The Spanish senora who came to my aid after I fell out of the swimming pool in Torremolinos and broke my toe. I blame the hotel serving fizzy wine with breakfast. My family didn’t realise I was in peril for at least twenty minutes after, having a whale of a time at the other end of the pool. I don’t know what this kind lady was saying to me as she attempted to haul me up.  However, she looked so kind and sympathetic as I looked up at her mustering up a tearful, pained and Spanish ‘uno momento,’ as she spied my wonky digit.

To the young chap who came and asked me if I was OK and sat with me for the duration of my after-midnight train journey home from London. He clearly saw my panicked look as about a million rowdy and intoxicated football fans joined our carriage, swearing and chanting.
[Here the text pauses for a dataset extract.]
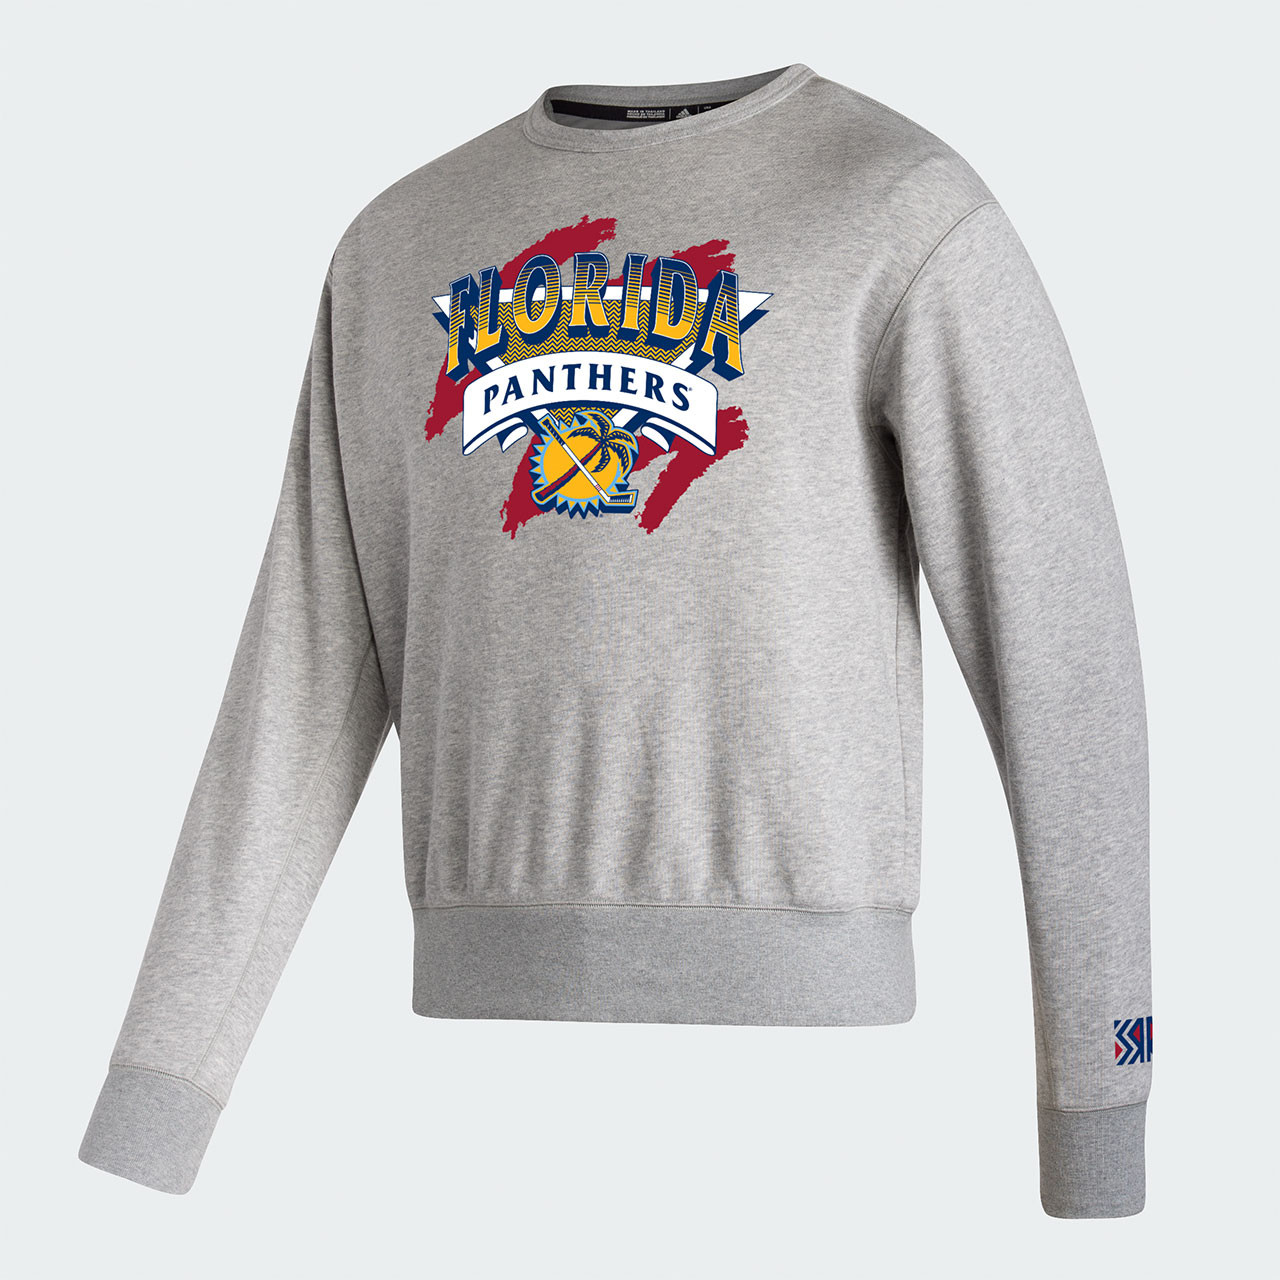 Personalized NHL Florida Panthers Reverse Retro Kits Unisex Tshirt

To the poppet of a student who only yesterday bought me a cake to my desk from the charity cake sale just because.

Thank you!

Simple ideas to show kindness: https://www.randomactsofkindness.org/kindness-ideas

The most amazing charity: https://www.52-lives.org/

The Science of Kindness: https://positivepsychology.com/character-strength-kindness/#:~:text=Kindness%20can%20lower%20the%20effects,reduce%20state%2Dlevel%20social%20anxiety.

*Disclaimer: Although I have spent the past years trying hard to live a life of kind, I am in no way saying that I am or have been a kindness role model my whole life. Even if I did say that my siblings and childhood friends (amongst others) I am sure would be able to tell you otherwise.